Drew hurried the girls into the drawing room and shut the door. “Now, Anna, tell me exactly what you saw.”
“I told you, Mr. Drew—I saw him! Mr. Lincoln!”
“Don’t badger her.” Madeline helped the girl to the window seat and sat her down. “Just take your time and tell us what happened.”
Anna took a shuddering breath. “I was finishing up the laundry, putting the linens in the upstairs bathrooms. That’s usually Beryl’s job, but she was up in the missus’s sitting room and listening to the wireless. Mr. Parker said he didn’t mind her doing it; it was what Mrs. Parker would have wanted. But I don’t know that I wouldn’t feel all peculiar-like up there now at night. I mean
after,
you know. It just wouldn’t seem right.”
“So you were upstairs,” Drew prompted.
“I was up in the back hall, putting away, like I said, and I heard something behind me. So I turned around and wasn’t anything there. So I go on, listening and not hearing anything, until I heard someone creeping about. I called out because sometimes Tessa, she does the washing up, and sometimes, bless her, she has pain all down her leg and has to walk it off before she can sleep, so I called out, ‘Tessa, is that you?’ But it wasn’t Tessa. So I called out again, ‘Is someone there?’ and the hall went dark.” Anna’s voice quavered. “Black as pitch it was, and then . . .”
“Then . . . ?”
“Then I saw him!” She burst into tears. “It was Mr. Lincoln, sir. I know it was.”
Madeline slipped into the seat beside her, putting a comforting arm around the girl’s shoulders. “It’s all right, dear.”
Drew paced in front of them. “Now be reasonable, Anna. You know it couldn’t have been Mr. Lincoln. Mr. Lincoln is dead.”

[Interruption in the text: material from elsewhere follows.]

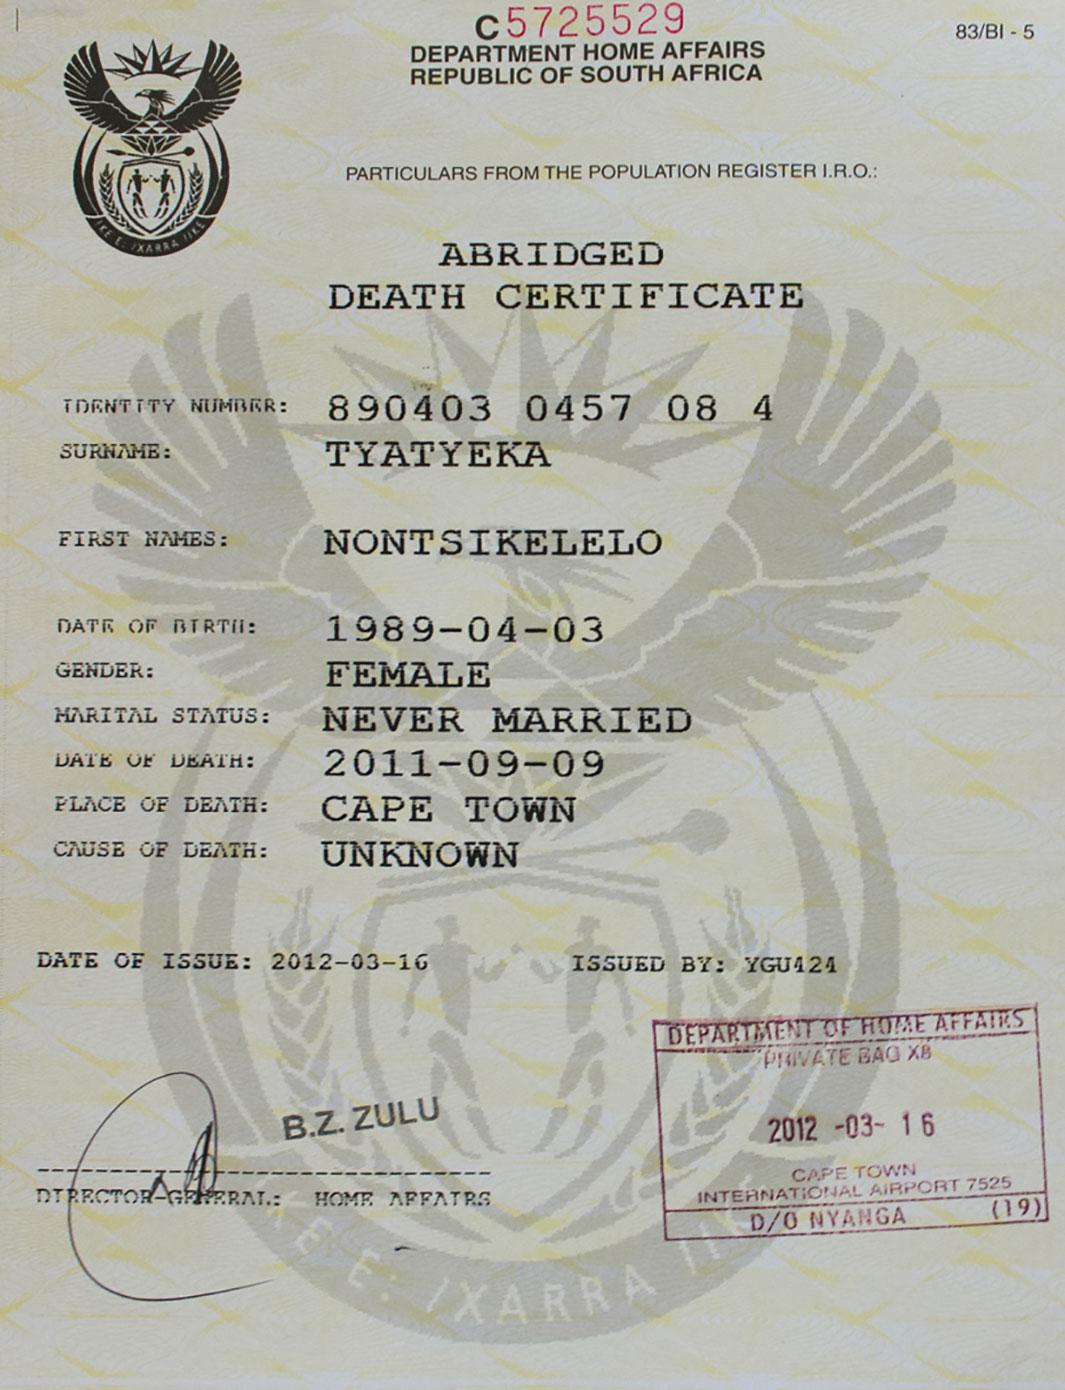 Ntisiki’s death certificate

“Oh, but I saw him, Mr. Drew. He was lurkin’ down at the end of the hallway, down by the door to the lumber room. And then . . . then he just wasn’t!”
“Mr. Lincoln couldn’t possibly—”
“He was lurkin’!”
“Did you see his face?” Madeline asked.
“Oh, no, miss. I couldn’t see his face because he didn’t have a head!”
This brought another torrent of weeping.
“Shhh. Don’t think about that now,” Madeline said.
“No, you
must
think about it now, and sensibly.” Drew pulled a chair over and sat so he could look into the girl’s face. “If he didn’t have a head, how could you know it was Lincoln?”